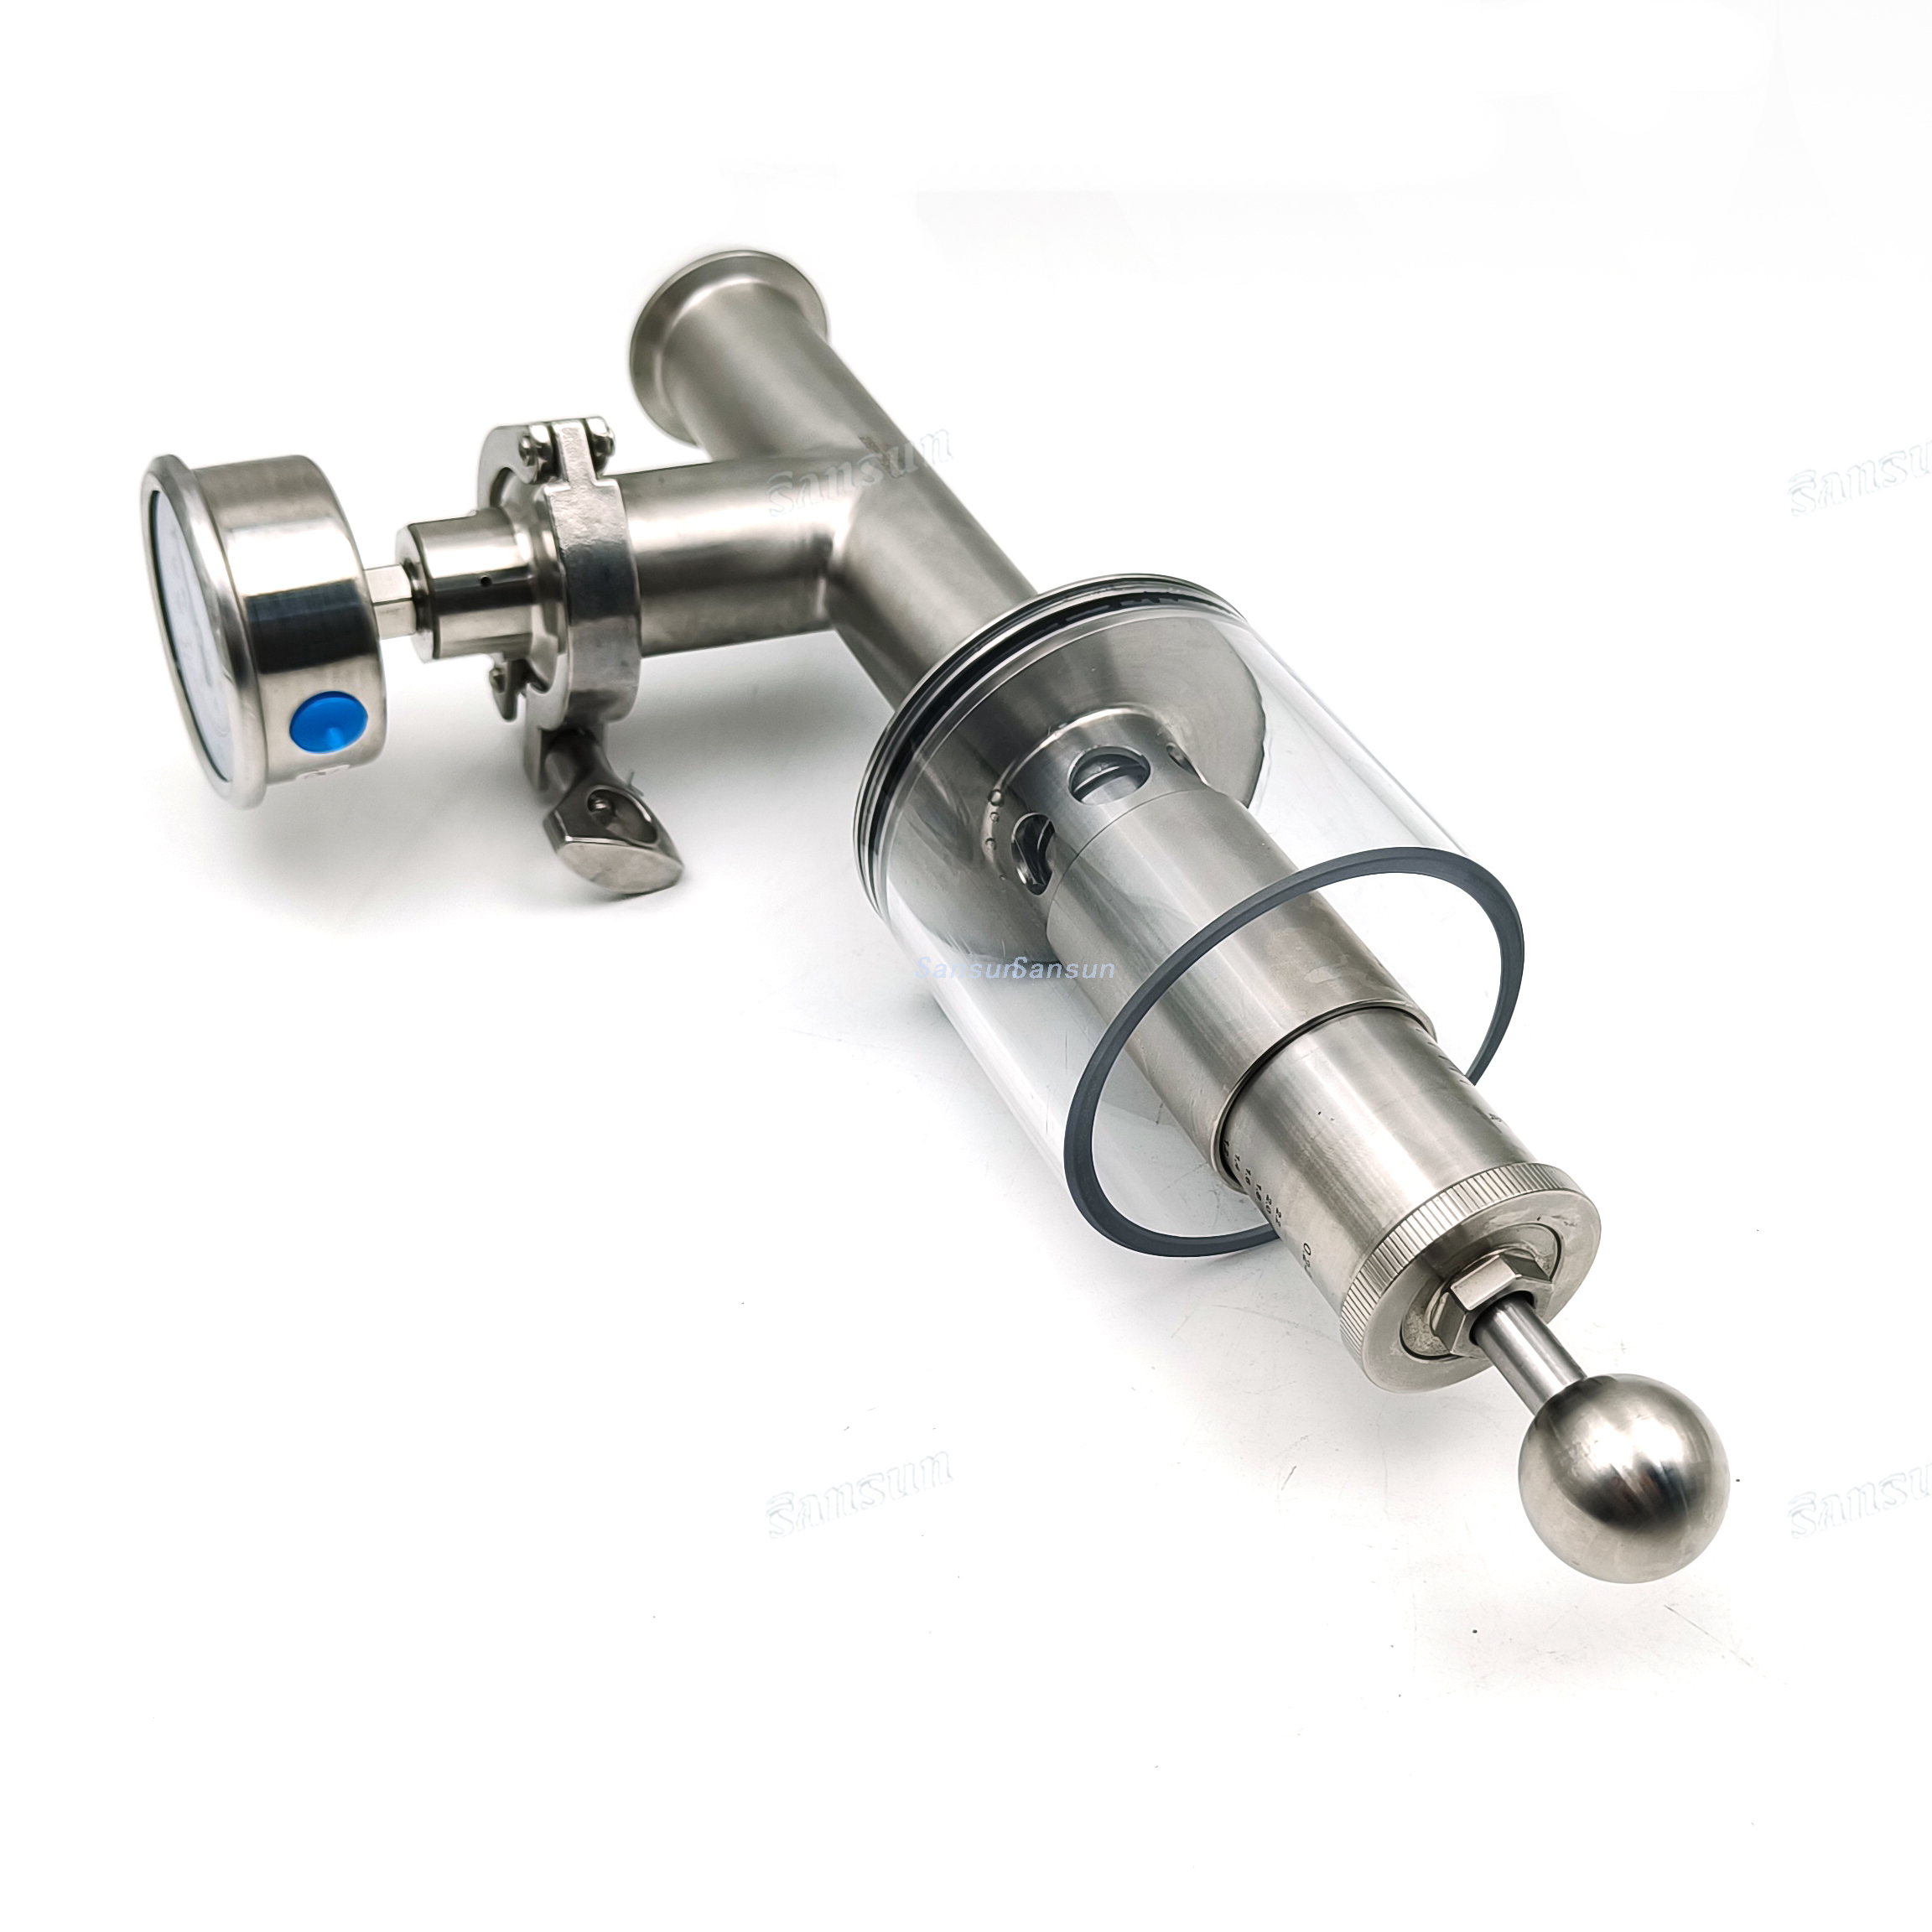 Válvula de bun de alivio compatible con presión compatible con trébol de 1.5 pulgadas
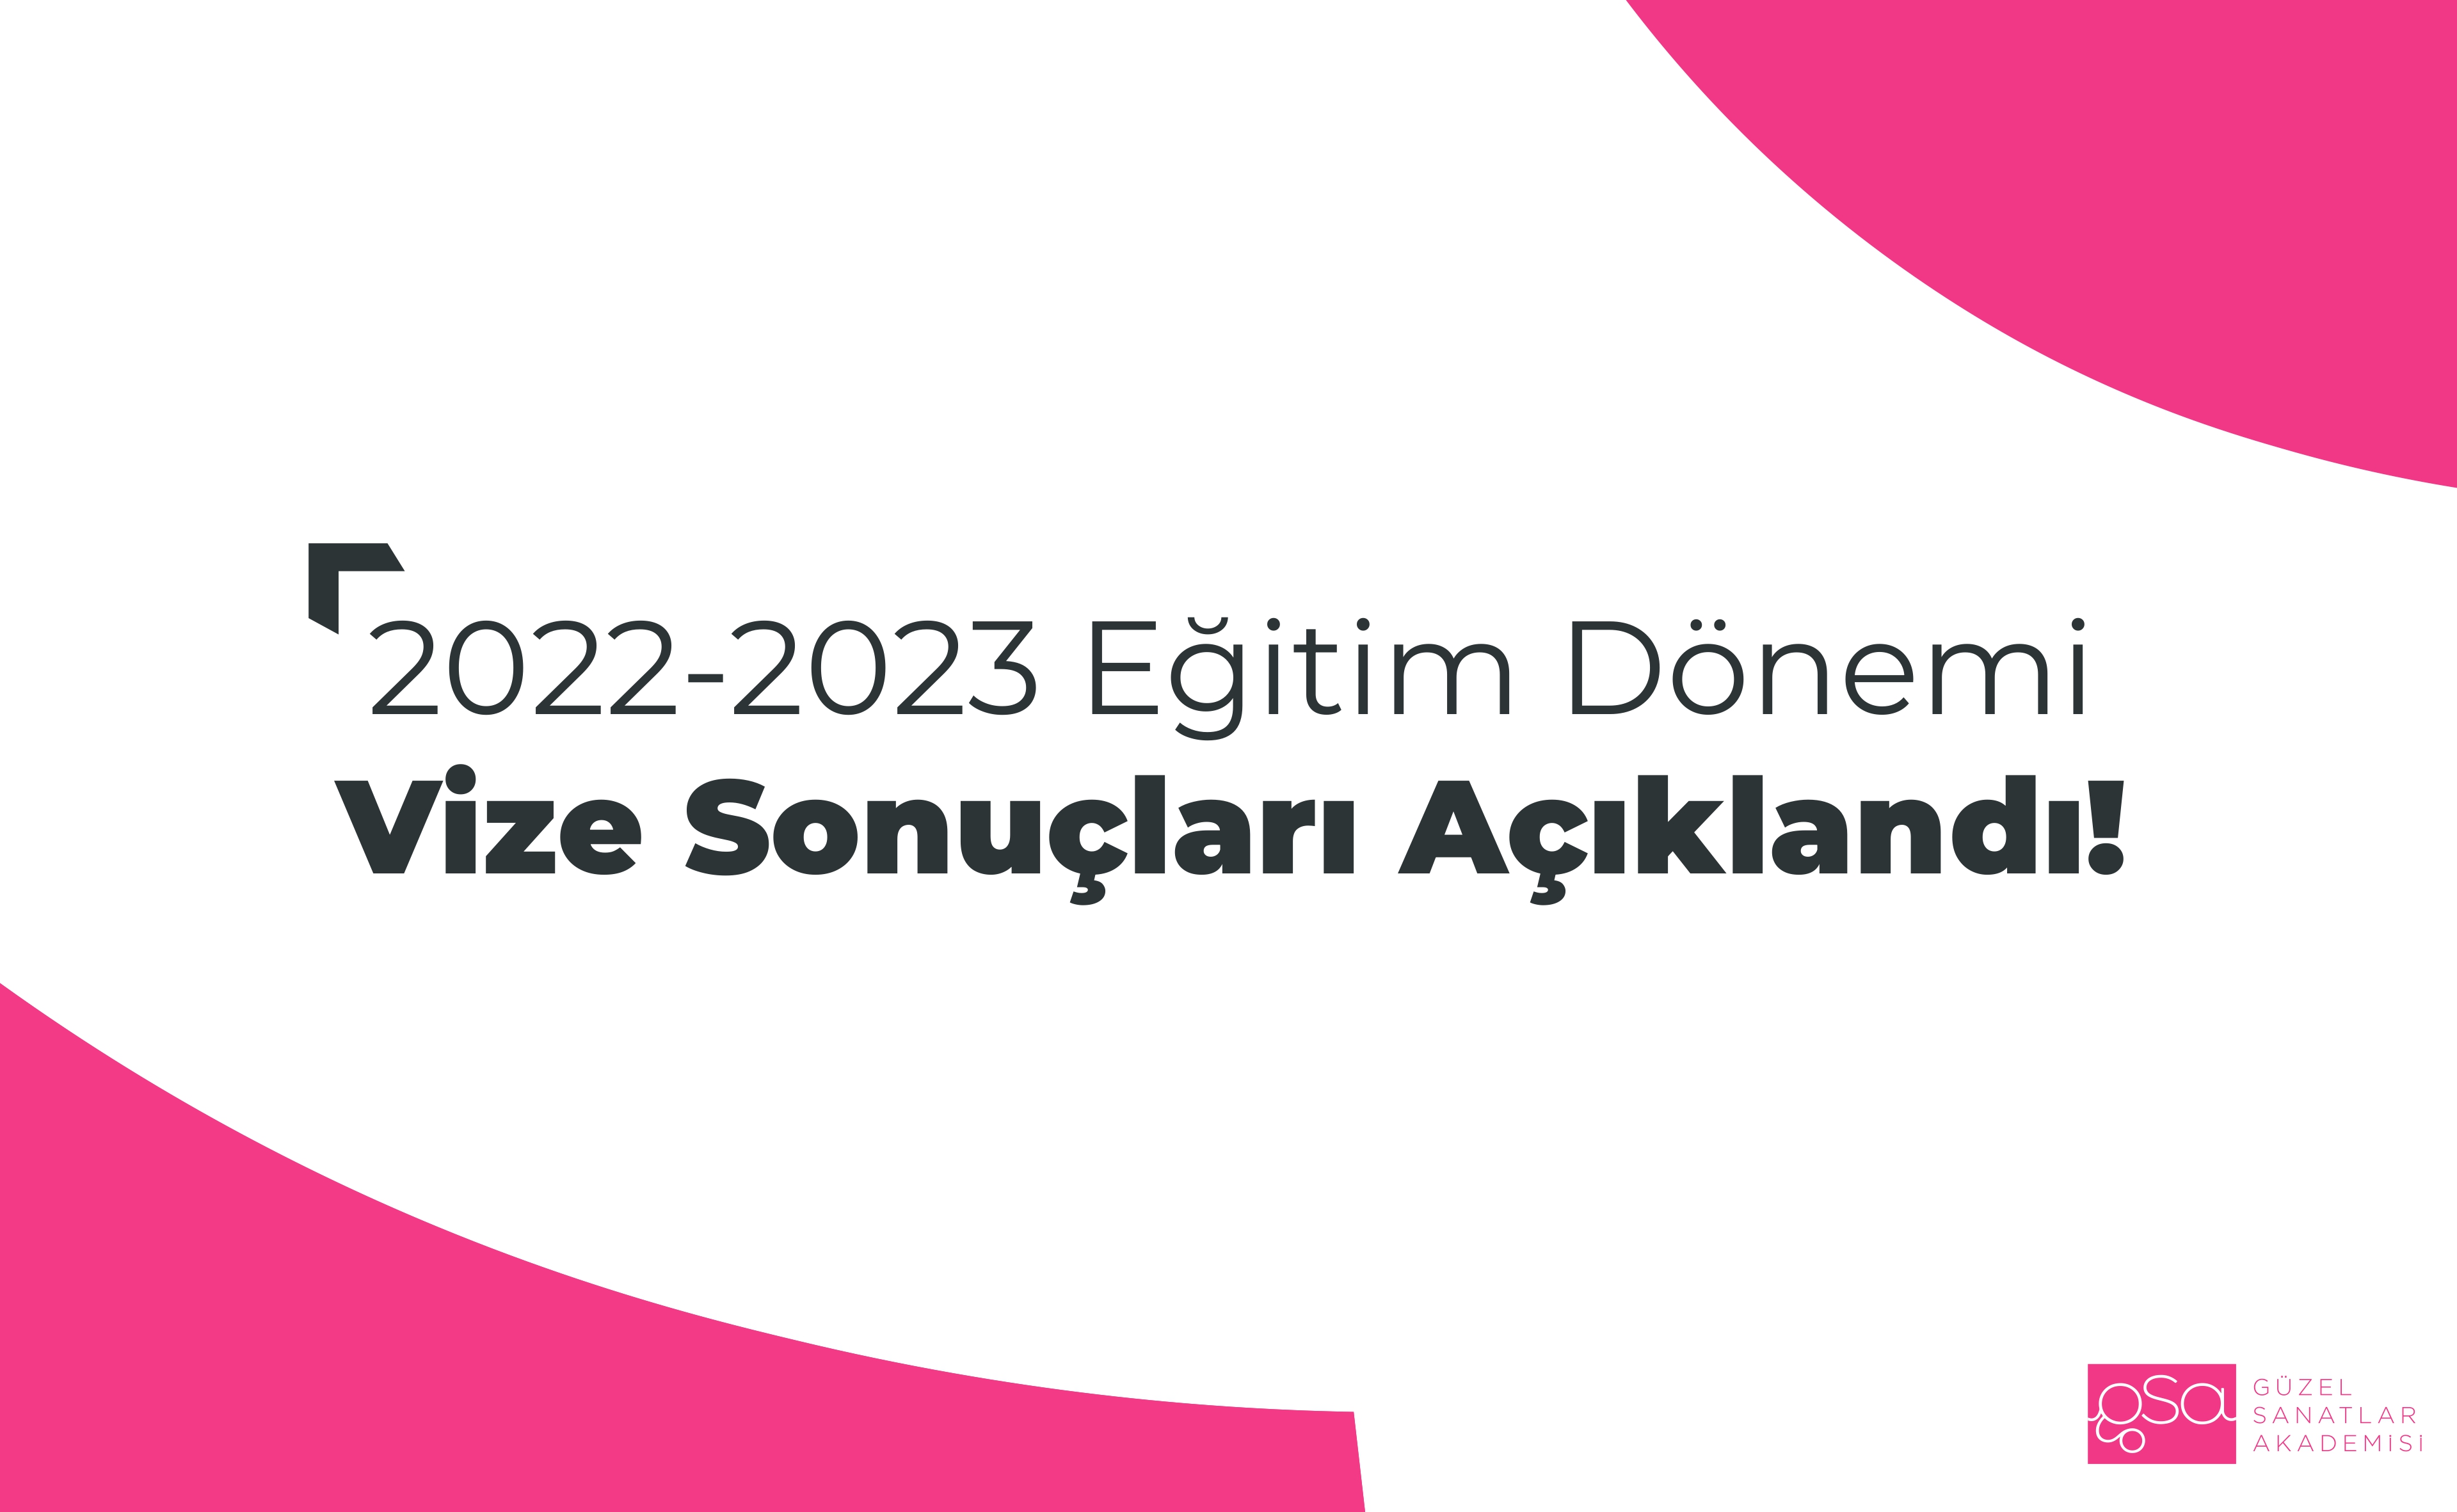 2022-23 Eğitim Dönemi Vize Sonuçları Açıklandı. 
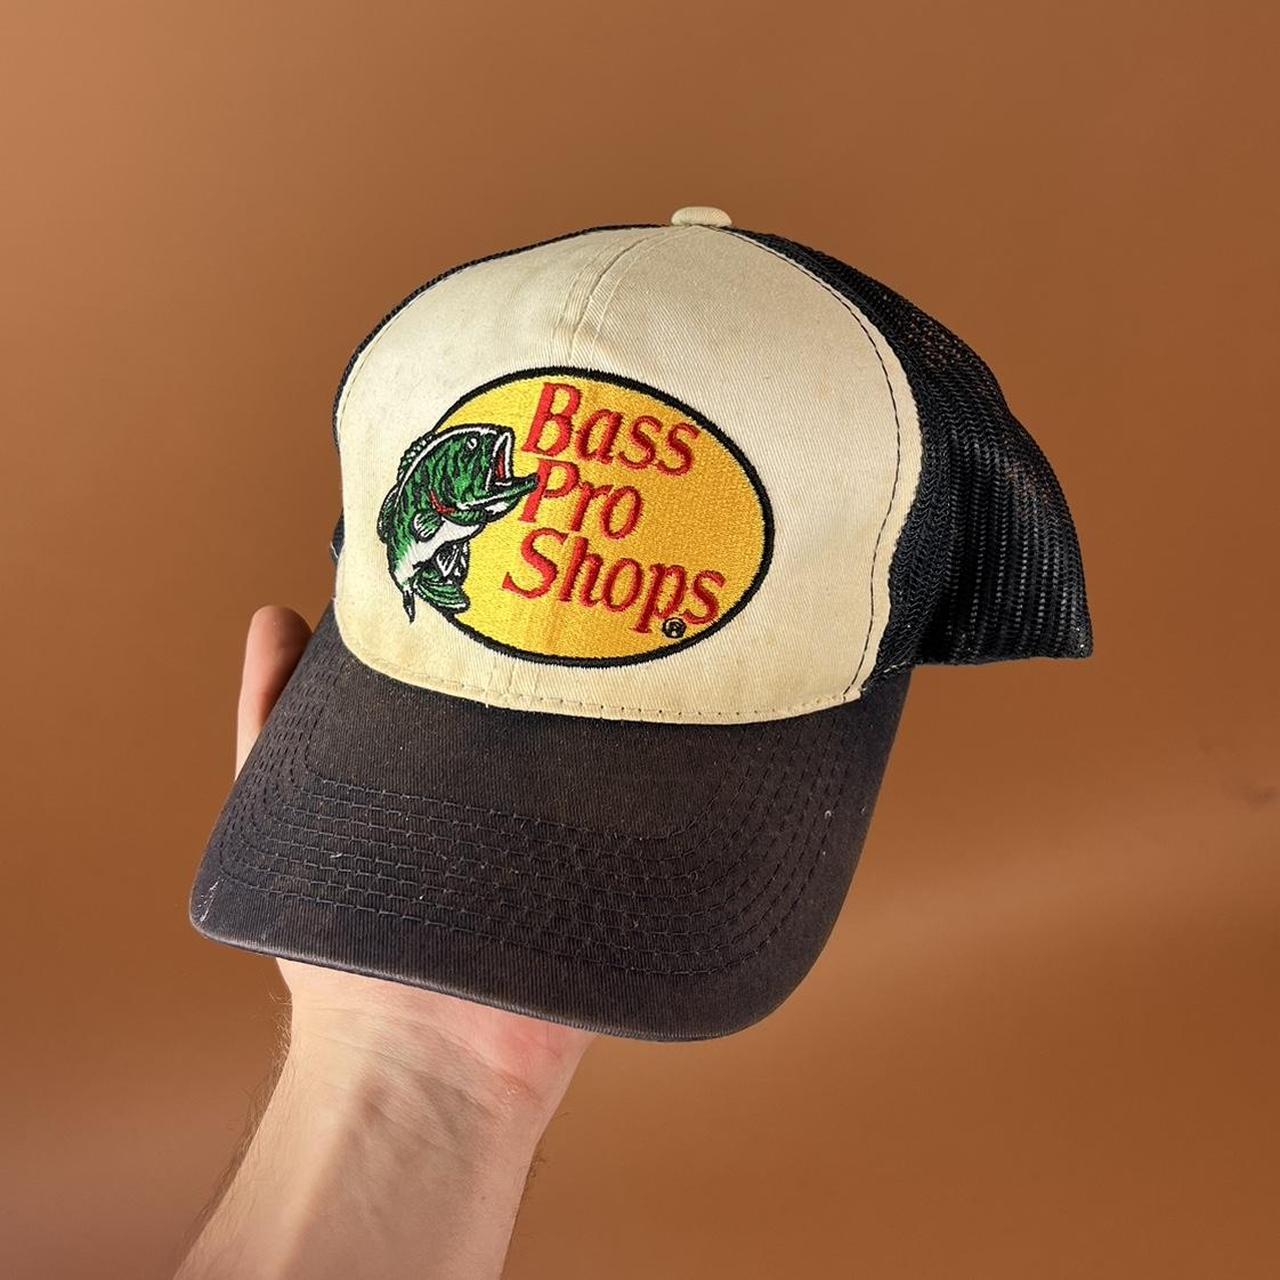 Bass Pro Shops Retro Hats for Men

**********

Do not include the pictures. Quote only the lines from the line with "2022-23 Eğitim Dönemi" through the end of the material, both ends included, exactly.

Result for this exercise >>
 2022-23 Eğitim Dönemi Vize Sonuçları Açıklandı. 
 Bass Pro Shops Retro Hats for Men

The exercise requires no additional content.